Would You Rather be Right or Know Peace? The Power of Non-Judgment

We have all heard the cliché, would you rather be right or happy? Sometimes it’s just easier to let the other person claim victory. But, secretly, you know better. You know you’re way of seeing things is right; you’re just being the better human.

This dynamic is not the pathway to true peace (transitory happiness maybe; peace not so much). We are unearthing a distinction that allows us to discover for ourselves that our assessments may not be as indisputable as we once believed. Then we are free to decide if judgment brings peace or suffering. And, while it might seem that realizing we were not right makes us feel wrong, that is not what happens. It’s not a matter of right and wrong at all: That’s the point.

Shoulds and Shouldn’ts

Non-judgment may sound esoteric, but it is just the opposite of judgment. When we judge, we evaluate an experience, person, or circumstance relative to other criteria. A rainy day can feel like a gift from heaven after forty days of scorching heat. Or it can feel like a curse on the tenth day of a deluge. Those evaluations are relative to the environment in which we experience the rain.

Non-judgment is not the opposite of discernment, however. We often conflate discerning and judgment in the English language, but it is helpful to distinguish them. When we discern, we observe. The sky is blue is discernment. The sky is beautiful is a judgment. Discernment is observing, while judgment (in this context) is evaluating. It is based on our comparisons and assumptions when we think things should or should not be a certain way. Or if we believe it always to be a particular way. In the example above, The sky is blue is discernment when you observe it and determine it so. You could also assert its blueness out of habit, in which case you are evaluating it against your expectation.

Pause and Practice

Experiencing something in the absence of evaluation is essentially accepting what is at any given moment. This is remarkably unfamiliar to most adults. It is observing what is happening (or not) without the need to define it.

After reading this paragraph, stop reading for a minute and see if you can demonstrate the distinction. Look around the space you’re in. Notice how your skin feels as it interfaces with the space. Notice when your mind tends to go toward, I’m cold, I’m hot, the room is messy, the air is pleasant. All judgment. Let that go and observe. What do you see? Smell? Hear? Sense?

What non-judgment is not

One challenge people face when exploring this idea is the belief that non-judgment causes indifference if injustice happens. It is not about burying your head in the sand or entering a state of denial; in fact, denial is an indication that we are judging our experience as more than we are willing to accept. Once we practice non-judgment, we come into a wholehearted acknowledgment of the moment, and our capacity to pay attention increases.

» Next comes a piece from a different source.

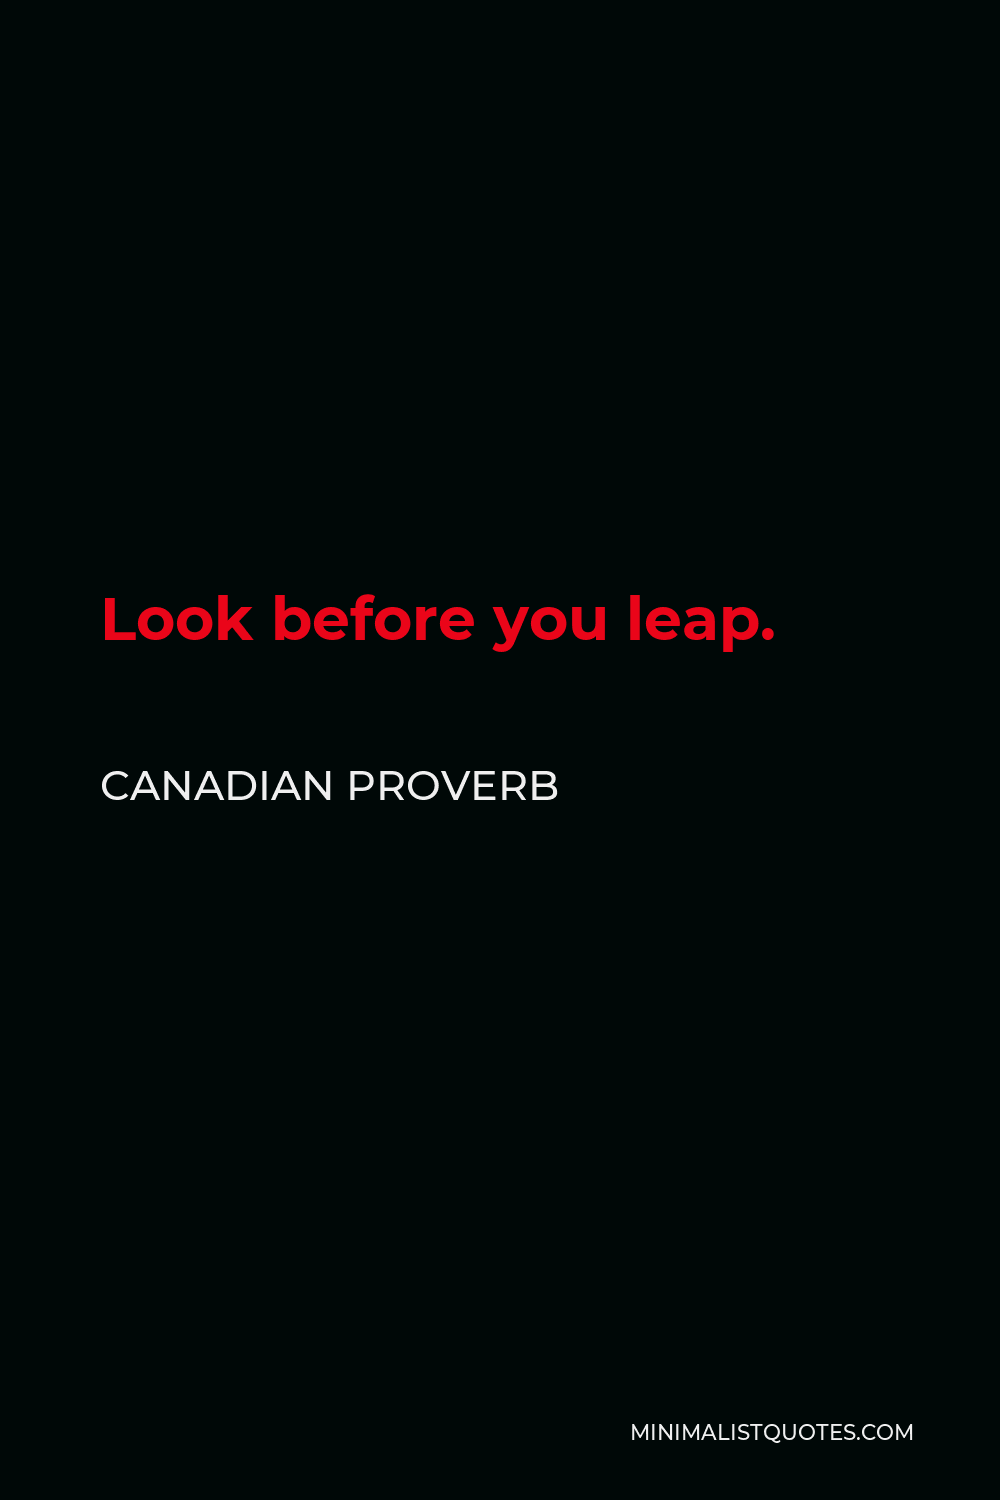 Canadian Proverb Quote - Look before you leap.

Non-judgment is not moral indifference. The work to be done is not a total suspension of ones’ capacity or willingness to evaluate what is happening. It is learning to slow the process down enough to distinguish between events and what we think about them. Bad things do happen, and we should not be apathetic to that reality.

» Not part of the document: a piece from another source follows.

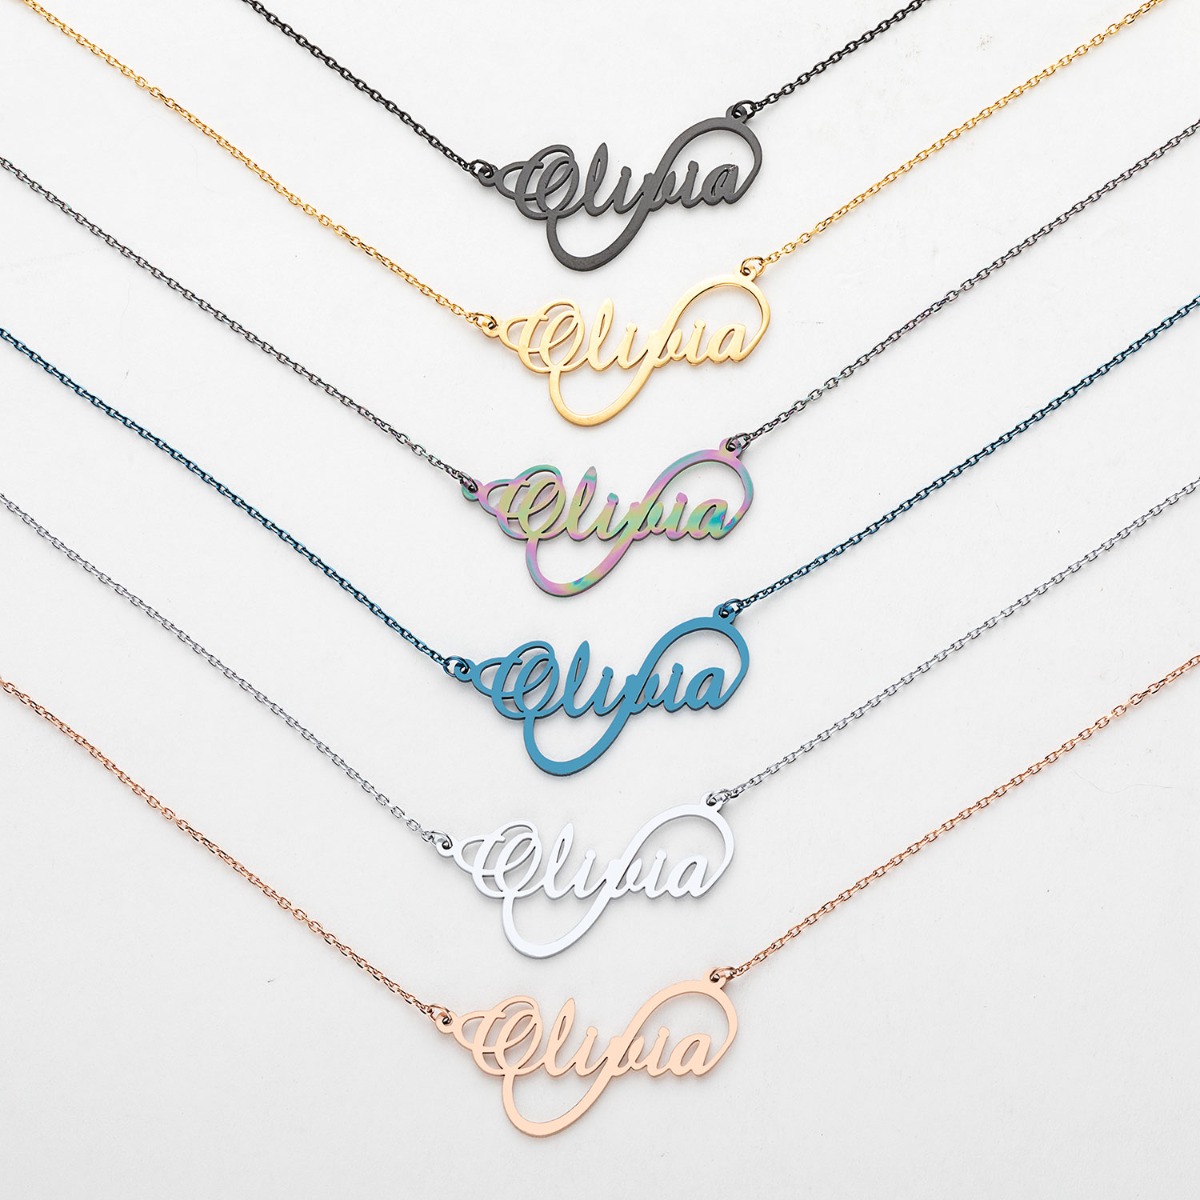 Stainless Steel Script Name Infinity Necklace

Non-judgment and forgiveness

Non-judgment is one of the critical skills needed to fully forgive (along with emotional awareness/processing and empathy). Learning to recognize habitual analysis in the present moment creates space to see that the evaluation is independent of what is happening. Once space is opened, it becomes much easier to explore the possibility that past assessments are not as objectively knowable as we once thought. That doesn’t mean something painful did not happen. Emotional, spiritual pain is discernable. We know if we hurt, and that is irrefutable. However, learning to use judgment wisely allows us to consider that everything else we thought we knew may exist within a spectrum of possibilities. And, more importantly, it empowers us to release our attachment to needing to know or define what happened.*

Many people believe that the need for forgiveness begins with an action—ours or someone else’s. This is not the case. The need for forgiveness begins with judgment, not what someone does.

Let’s illustrate.

Suppose you’re walking down the street on a sunny fall morning, chatting with a friend. Now, imagine a disheveled man running up to you and stomping on your foot. Ouch!

Does the need for forgiveness exist?

Well, that depends on how you evaluate the man. Is he sane? What was his intent? Was he being malicious or maybe trying to be funny? Does he even know what he did?

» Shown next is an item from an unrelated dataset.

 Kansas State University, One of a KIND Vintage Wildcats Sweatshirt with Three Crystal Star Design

It also depends on your past experience. Did you have a sibling who tormented you with foot-stomping as a child? Do you love someone who suffers from mental illness?

And, it depends in part on your psychological and emotional experience at the time. Did the man embarrass you in front of your friend? Did he frighten you?

Can you see from these examples how the switch can be flipped from feeling injured to not? You may go from anger and resentment to deep compassion with one inquiry.

Hopefully, that example illustrates the power judging has on our perception of what has happened in our lives. Instantaneously, we go from what is happening to what we think or feel about it. Learning to see that transition can be a superpower.

There is a time and place for judgment. Calling our wedding day perfect brings us joy. Naming another person as not good for us allows us to choose who we want in our lives. The power and importance of non-judgment is recognizing when and why we are doing it. If we can distinguish between what happens and our judgments, we are free to choose if it serves us and if it does not. You might be surprised to see how often it adds no value at all.

When we exercise faith in not knowing and respond to the cues life gives us, we experience the freedom and wholeness of living from a place of our highest good. Take time to notice if you’re engaged in evaluating or ranking the world around you and ask, “Is this creating peace?” If not, consider letting it go.


*Note: After trauma, the impulse to know or understand what happened is common. If that is where you are on your journey, respect it. Examine, fight, defend if that is what your gut tells you to do. Just know, at some point, if more inner peace is what you long for, practicing non-judgment may help.